Access opening covers are not rooted firmly to the tank and are known to become dislocated if the tank contains overpressurized liquid, or if the liquid and debris overflow. Evidence in the form of photographs show that debris had accumulated around the access opening that the deceased had fallen into, indicating that the opening may have been dislodged before he had fallen into the tank. As a result of the incident, the widow of the deceased filed suit against the manager of the Mansfield paper mill and the engineering company that designed and constructed parts of the whitewater tank that the employee fell into.

The engineering company, Stebbins, had a contract with International Paper Company to inspect the durability of its whitewater tanks at many of its locations worldwide. The inspections conducted by Stebbins brought knowledge that some whitewater tanks were over-pressurized and were overflowing. The victims’ family contended that Stebbins’ knowledge of this hazard created a duty on the part of Stebbins to inform the International Paper company of the unsafe practice. The issue, however, was that Stebbins had no such inspection contract with the Mansfield paper mill where the deceased met with his accident.

The problem in this case for the victim’s family was that the duty of care on the part of Stebbins did not involve the material issues in this particular case. This distinguishing factor between what Stebbins’ contract with the International Paper Company actually required the engineering company to do, and what the plaintiff was filing suit against Stebbins for, prevented Stebbins from liability for the unfortunate death.

Because of this gap in liability, Stebbins was found to have no duty to the employee. A duty of care is a legal obligation which is imposed on an individual, requiring that they adhere to a standard of reasonable care while performing any acts that could foreseeably harm others. In this case, the plaintiff argued that Stebbins owed a legal obligation to the employee because Stebbins knew of the hazardous conditions imposed by the dislodging of access opening covers when the tanks became over-pressurized or overfilled. Generally, a duty of care to another is only present within direct relationships such as that between family members: a mother has a duty to her child to make sure the child crosses the street safely. A duty of care is also present in contractual relationships, as of that between an employer and an employee. There is also a duty of care that is formed when a third party begins to help another in need. Once the third party begins to help, he cannot leave the scene until he finishes aiding the person in need. If these direct relationships are not present, a duty may be imposed by the law. In this case, Stebbins did not have any direct relationship to the victim as there was not a contractual relationship between Stebbins and the International Paper Company in Mansfield.

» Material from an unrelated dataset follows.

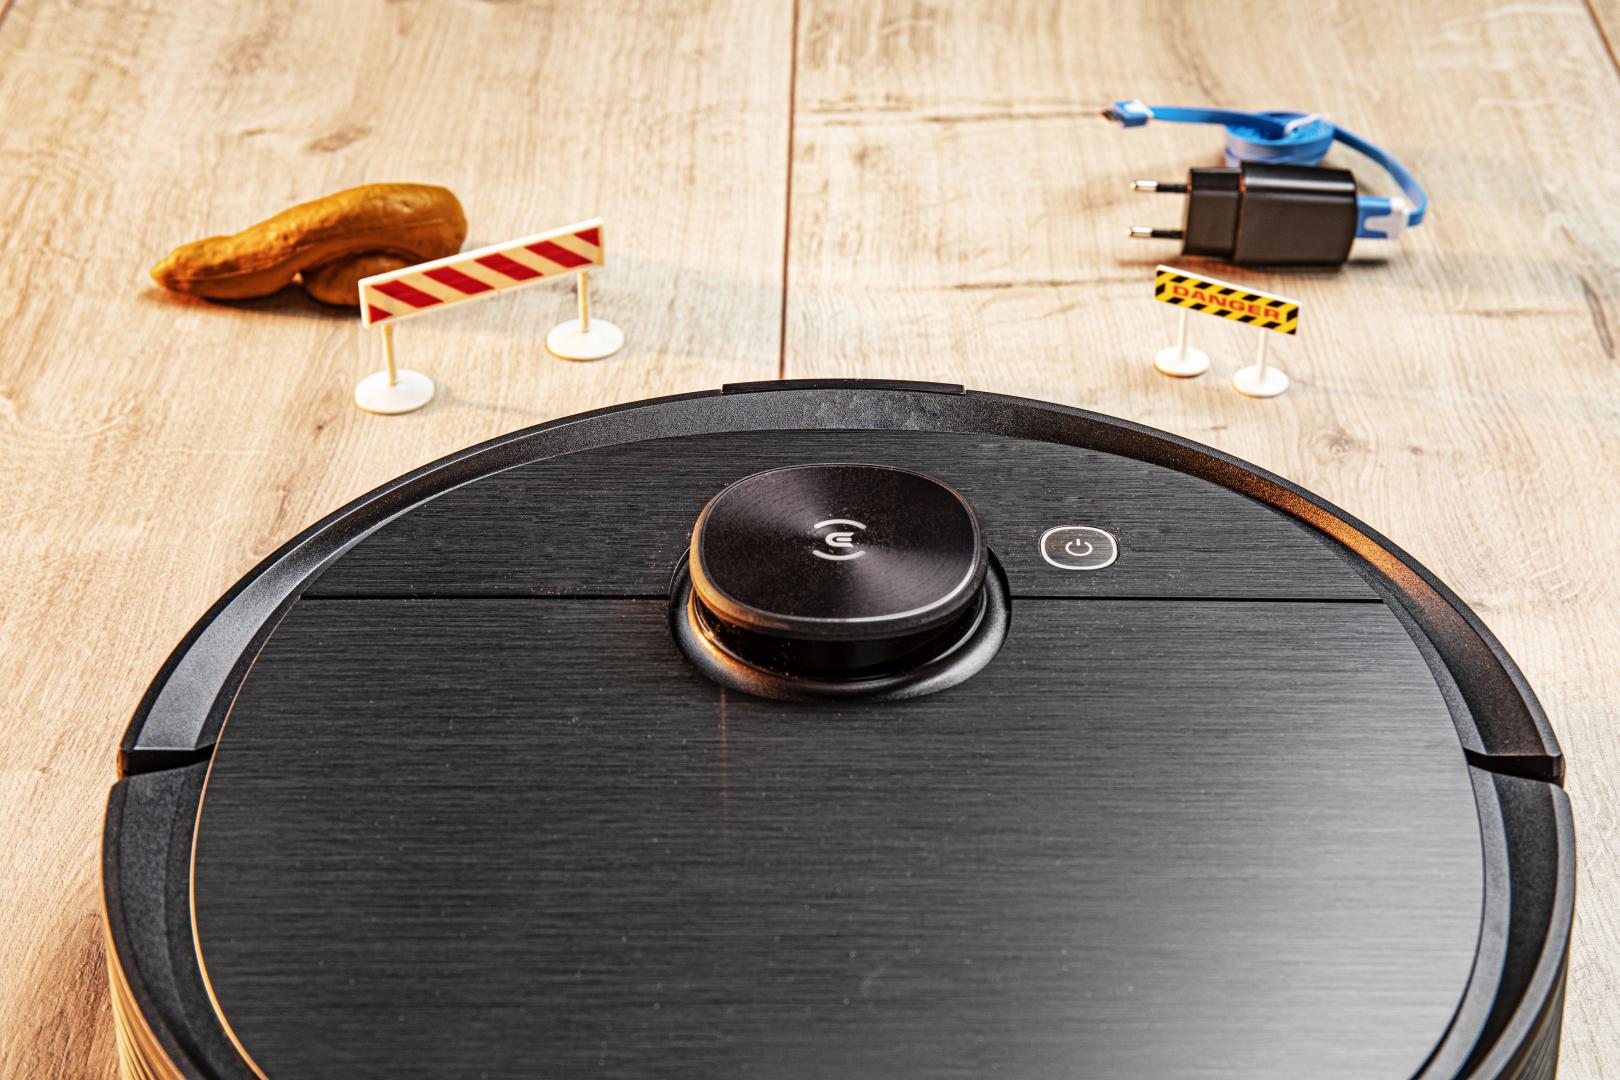 slimme stofzuigrobot camera herkenning privacy praktijk test review

There was also no duty imposed by the law. A Louisiana Supreme Court case had held that in order to find a duty in such a situation, “some proof of positive undertaking” for work place safety is required, stating that “neither mere concern with nor minimal contact about safety matters creates a duty to create a safe working environment for employees of a subsidiary corporation.” In other words, a parent corporation must clearly undertake the goal of providing work place safety for its subsidiary corporation as its primary concern, in order for a duty of care to be found.

In this case, there is no evidence that Stebbins positively undertook any duty to ensure the safety of the employees of the International Paper Company. Stebbins was merely responsible for inspecting the structure of whitewater tanks when requested by the International Paper Company to do so, after a plant had shut down.

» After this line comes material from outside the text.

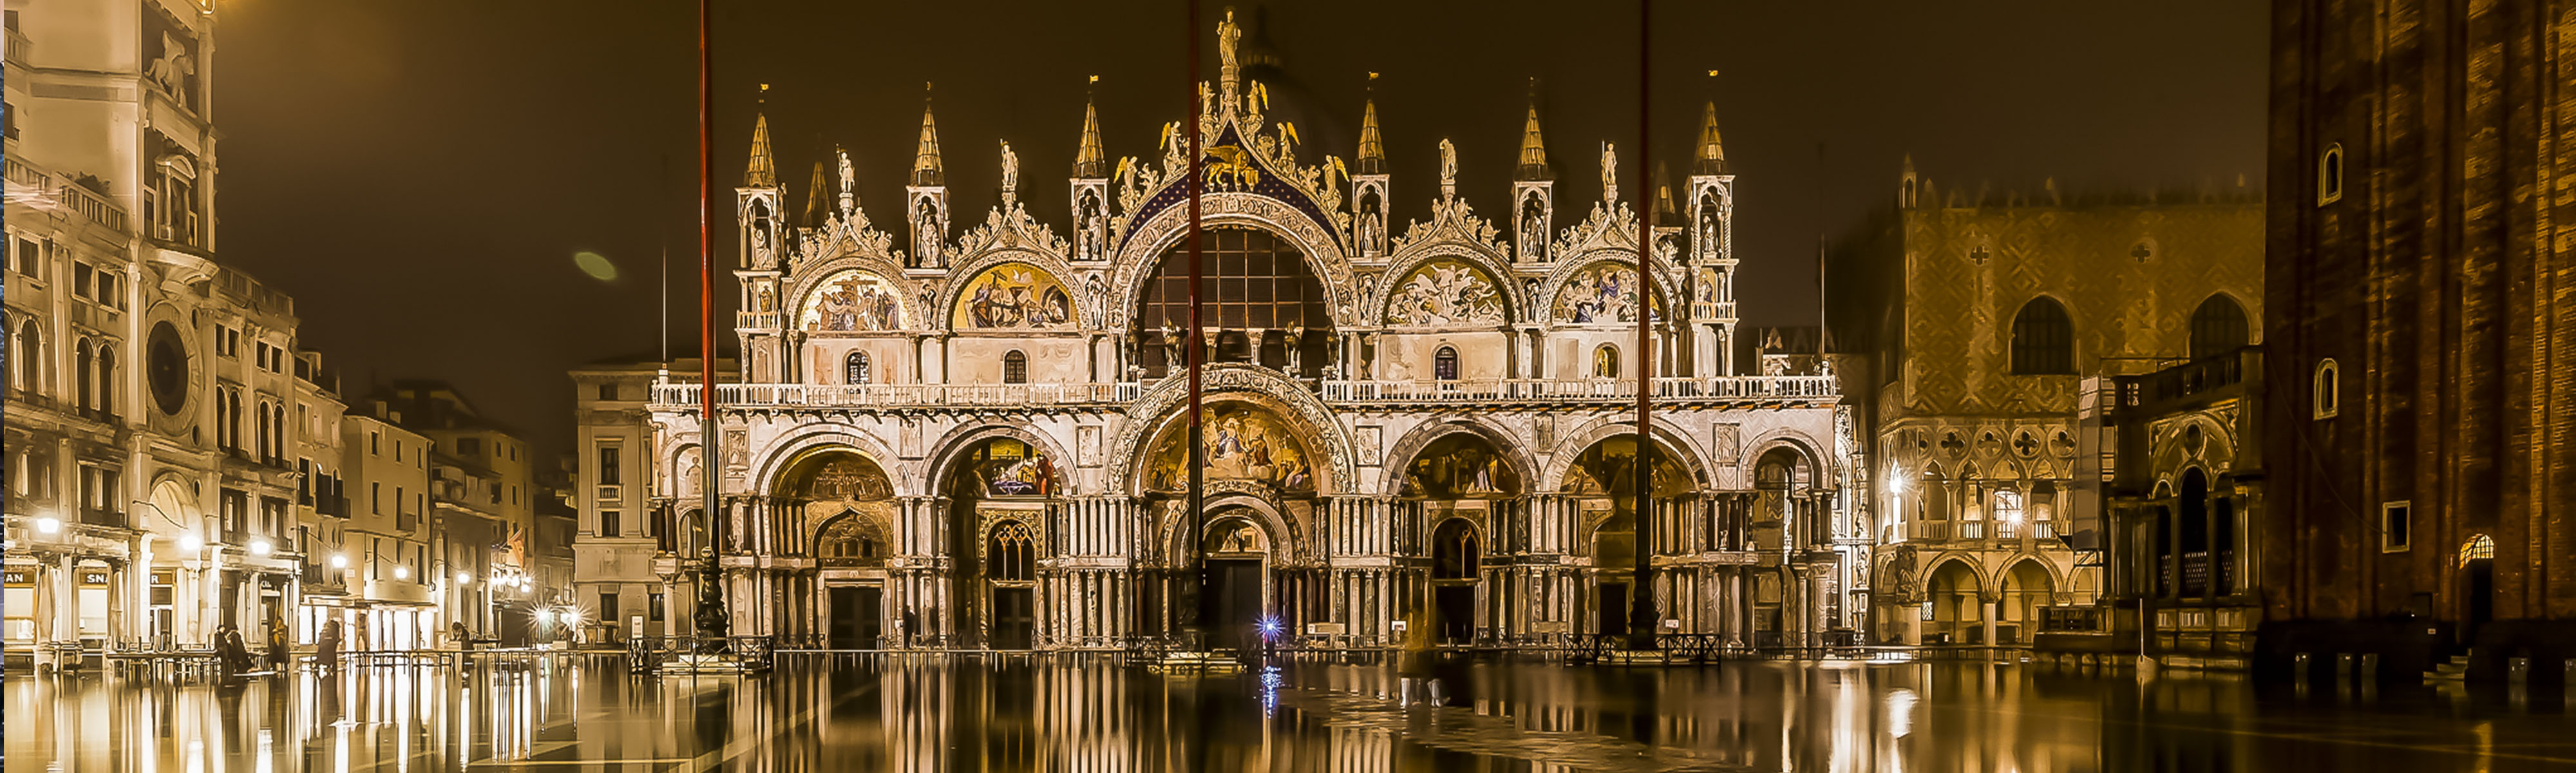 Sliderbild Venedig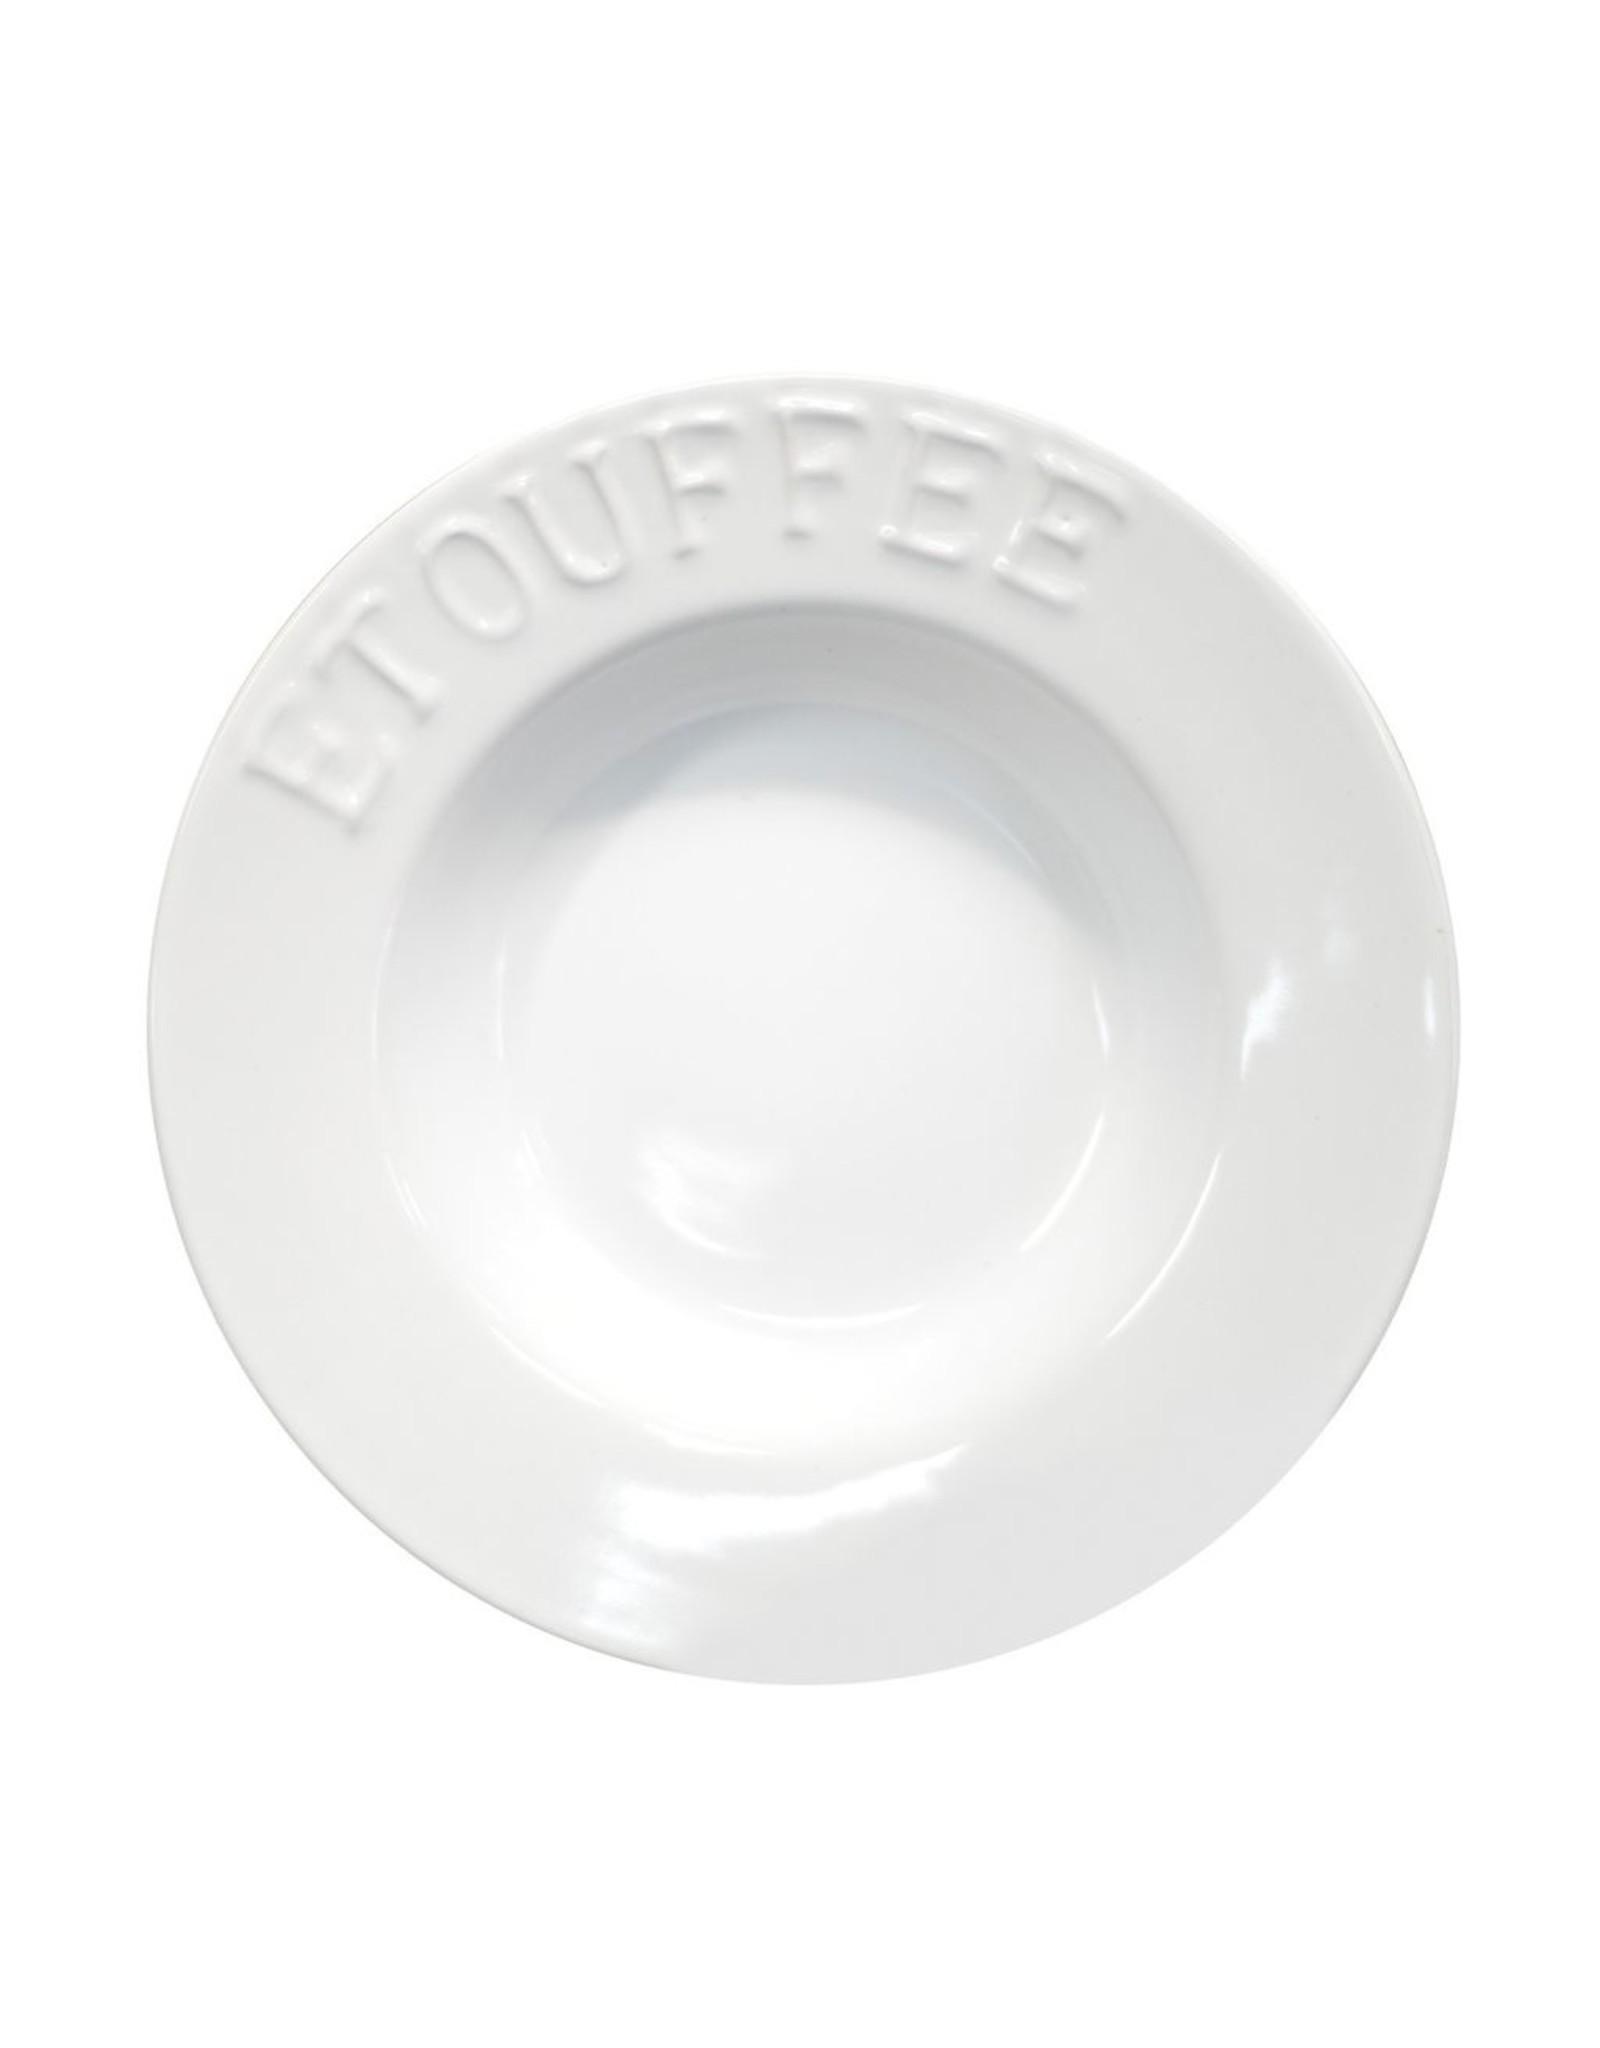 Roux Brand Etouffee Bowl

Therefore, the Court held that Stebbins had no duty of care to the employee, leaving the family with no relief in this particular case. This is an incredibly difficult situation and is extremely saddening for the victim’s family. It does, however, help explain key components of the law that must be met for recovery to take place. In finding out how the law handles situations, we can explore the nature in which responsibility is apportioned and, in all instances possible, get justice for those impacted.